The company invested in New Zealand early, working with education consultants, and had big wins in education early on, she says.
“And we have the right partners here that did some very visible deployments here and we’ve been able to reap the benefits of our investments,” she says.
Lo says location services are already proving a winner in retail, as companies seek to understand how customers are traversing a shopping mall, or how long a customer stays on in a particular aisle.
“This is the kind of stuff GPS has supported for a long time, but that’s outdoors. As soon as you go indoors, GPS loses its effectiveness, so Wi-Fi is really picking up that role for indoors.
“Retail shops have been very excited about this opportunity and now we’re also seeing transportation getting geared up for this.”
Lo says companies are experimenting with digital signage panels and Wi-Fi in bus stops as a way to pay for fibre to the bus stop and enable better community service for those waiting for buses, while also potentially generating revenue by offering local promotions.
“There are many, many possible applications for this,” Lo says. “And in education, we think it’s a great way of managing all the devices that are mobile, and potentially of finding students.”
Lo was in New Zealand last week to meet with the vendor’s enterprise channel and Vodafone and Spark, to explore other opportunities for the company’s location services in markets such as education, where it could be used to keep track of assets and even students.
“Everybody has a Wi-Fi device, so you can track to a certain extent – depending on how accurate the product is – where devices are,” Lo says.
“In a school, if a kid has a Chromebook or an iPad, and you can’t find the kid you find approximately where the kid is in real-time by looking for the device.”
Lo says New Zealand city councils also offer potential for Ruckus resellers.
“Worldwide what we’re seeing is a push for smart cities, and a lot of metropolis’ and communities are building a Wi-Fi backbone as a way to enable IoT and smart services, as well as almost a quality of life service for visitors and citizens.”
She says in some cities enabling every shop in the CBD has resulted in tourists more frequently leaving their hotel rooms to use the city Wi-Fi.
“So they consume more and they do more business.”
“The key thing that is critical, whether location services or smart cities, is to have good quality Wi-Fi,” she says.
Lo says Ruckus partners have learned from day one about designing quality Wi-Fi.
“That has already prepared them for more challenging networks,” she says.
“Now our partners need to go beyond just building Wi-Fi networks to a lot of the services that Wi-Fi can enable. And location services is a good example.
“In order to support location services the network needs to have a certain density and they need to be able to calibrate the network right, but they also need to become a consultant to the customer in terms of how to use the location data.”
Lo says Ruckus is keen to help its partners ‘go up the stack’.
Ruckus’ Riot partnership program enables third parties to develop applications over the company’s Wi-Fi networks and location services, through standard APIs.

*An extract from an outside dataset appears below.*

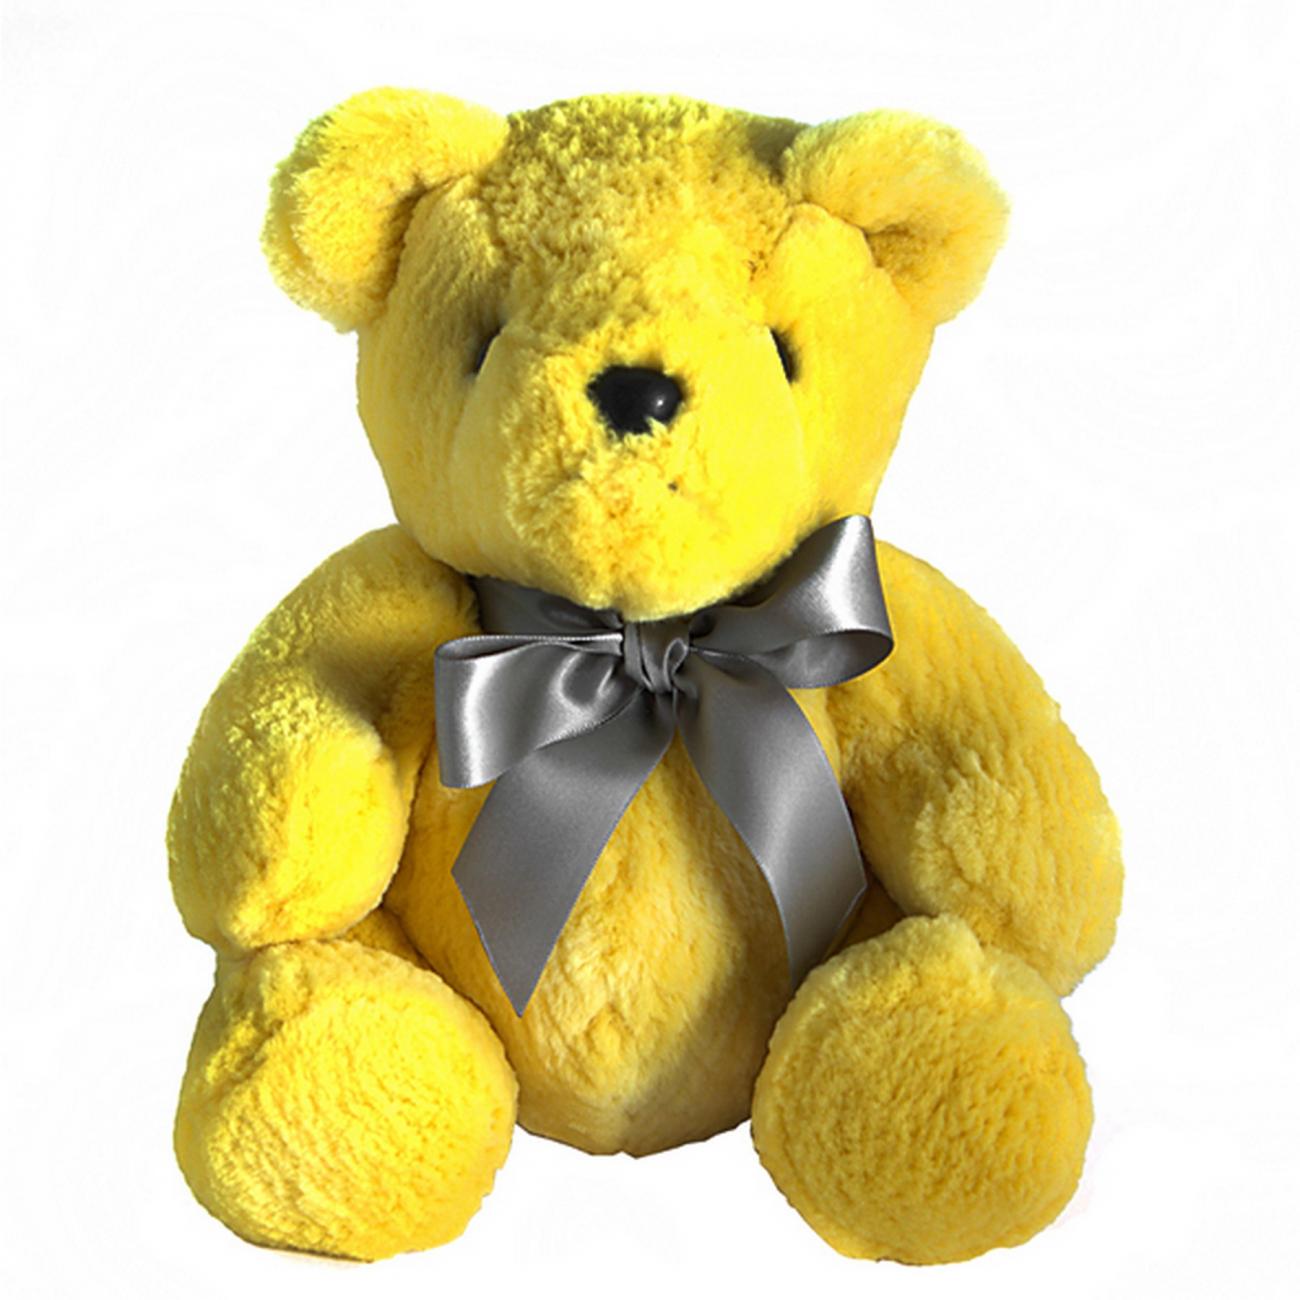 Купить Игрушка Медвежонок с бантом (желтый) натуральный мех бобра в интернет магазине дизайнерской мебели и аксессуаров для дома и дачи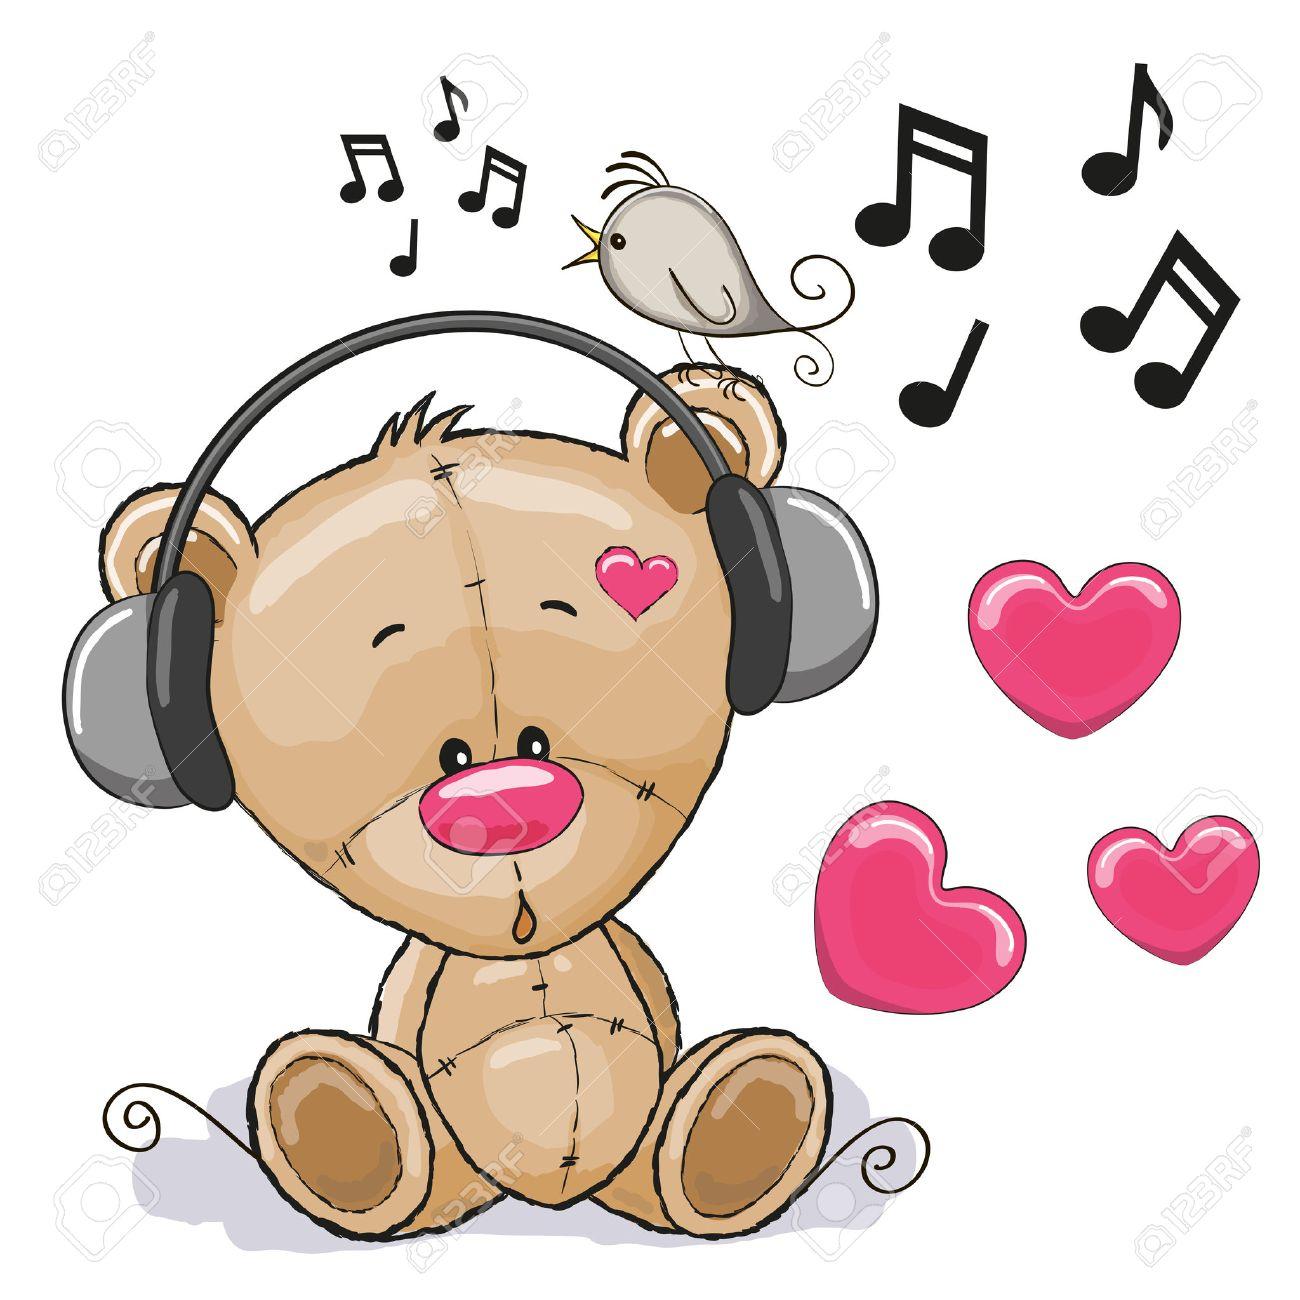 Cute cartoon Teddy Bear with headphones Stock Vector - 42005014

The program has seen a number of apps created, enabling partners to now sell ‘entire solutions’ instead of just a network.
“We have a lot of these third party solutions that partners can chose from so they have a total value proposition when they go to the customer.” Locally, only a small number of apps have been created, however more are coming, with the company working with several companies.
“It’s a very exciting time,” says Lo. “New ideas are coming and partners are trying new things.
“It’s the partners who are willing to make that investment and take some risk that will end up winning.”